Sentiment analysis is a key NLP task that receives much attention last years. Detecting sentiment of a text can be important for many applications, for instance, getting customer feedback about a brand or product, aggregating and summarising opinions in reviews for recommender systems and so on.
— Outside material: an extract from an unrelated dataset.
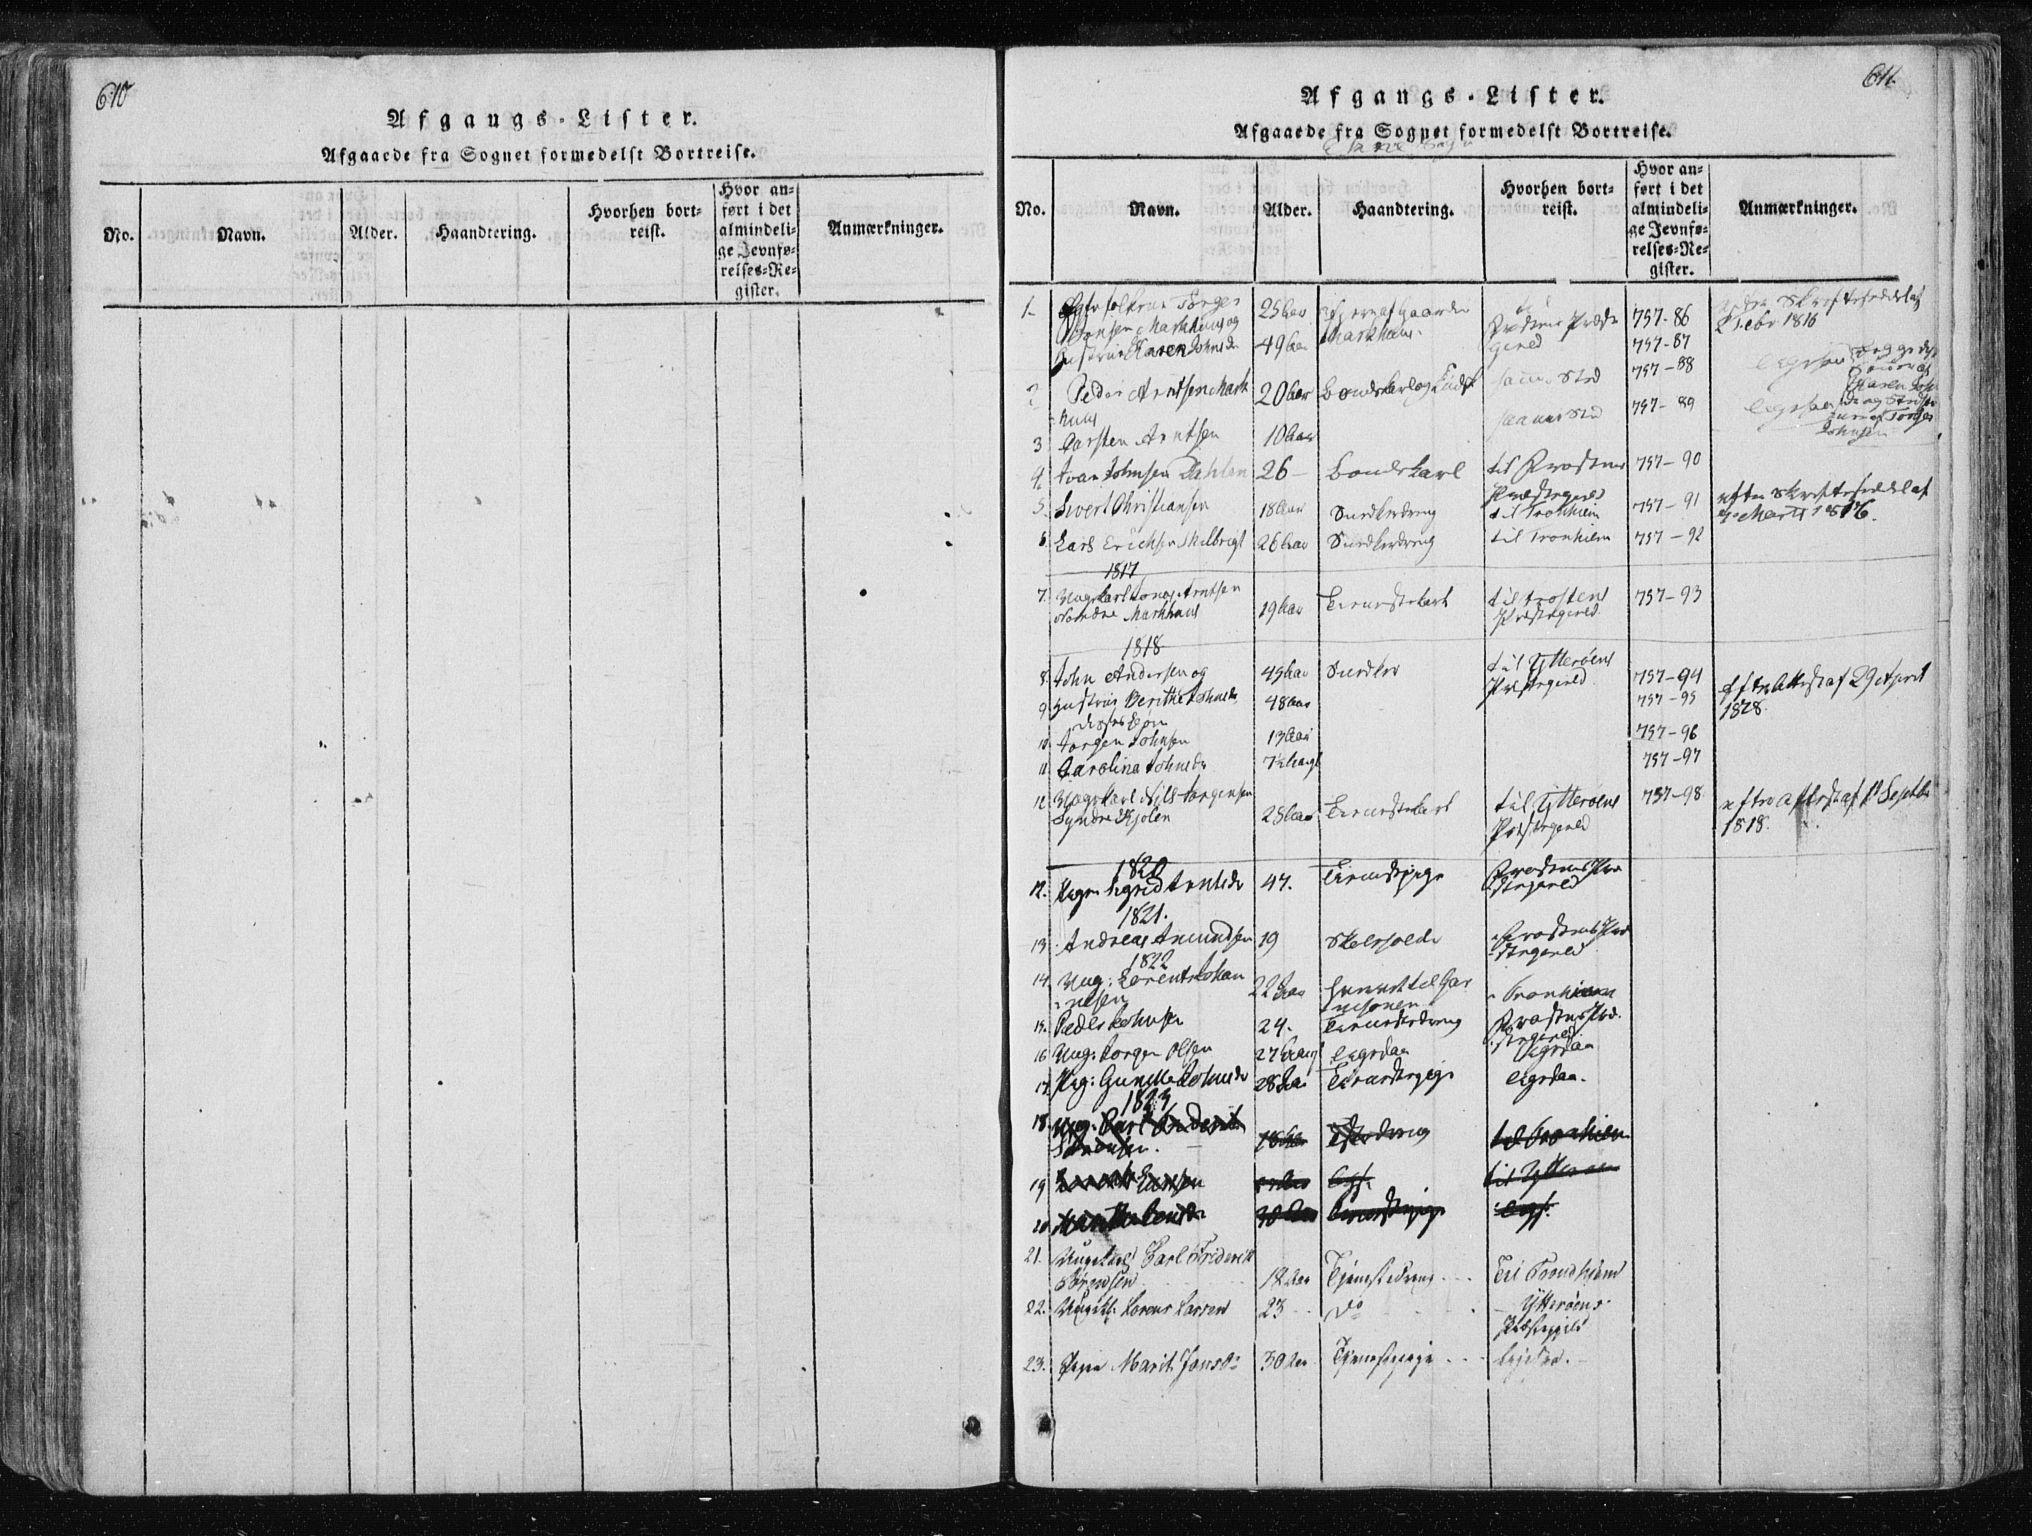 SAT, Ministerialprotokoller, klokkerbøker og fødselsregistre - Nord-Trøndelag, 717/L0148: Ministerialbok nr. 717A04 /3, 1816-1825, s. 610-611

Sentiment analysis can be viewed as a text classification problem with opinions and emotions in the text as the criterion of the classification.

### Goal

The goal is to configure and train the neural network and logistic regression on the Twitter data to make predictions opinion polarity using google colab.


### Requirements:
- tensorflow
- keras
- scikit-learn

### Import Libraries:

In [0]:
# Keras
from keras.preprocessing.text import Tokenizer
from keras.preprocessing.sequence import pad_sequences
from keras.layers import Input, Dense, concatenate, Activation, Conv1D, GlobalMaxPooling1D, Dropout
from keras.models import Model, model_from_json
from keras.layers.embeddings import Embedding
from keras.callbacks import ModelCheckpoint

# scikit-learn
from sklearn.feature_extraction.text import TfidfVectorizer
from sklearn.model_selection import train_test_split
from sklearn.linear_model import LogisticRegression
from sklearn.utils import shuffle
from sklearn.metrics import roc_auc_score, confusion_matrix
from sklearn.manifold import TSNE

# Others
import pandas as pd
import numpy as np
from google.colab import files

### DATASET:

A typical sentiment analysis system needs an annotated text
corpus on which the system is trained and/or evaluated.
In the English language, resources with annotated texts are
widely available, however, in Russian only a few such resources are available.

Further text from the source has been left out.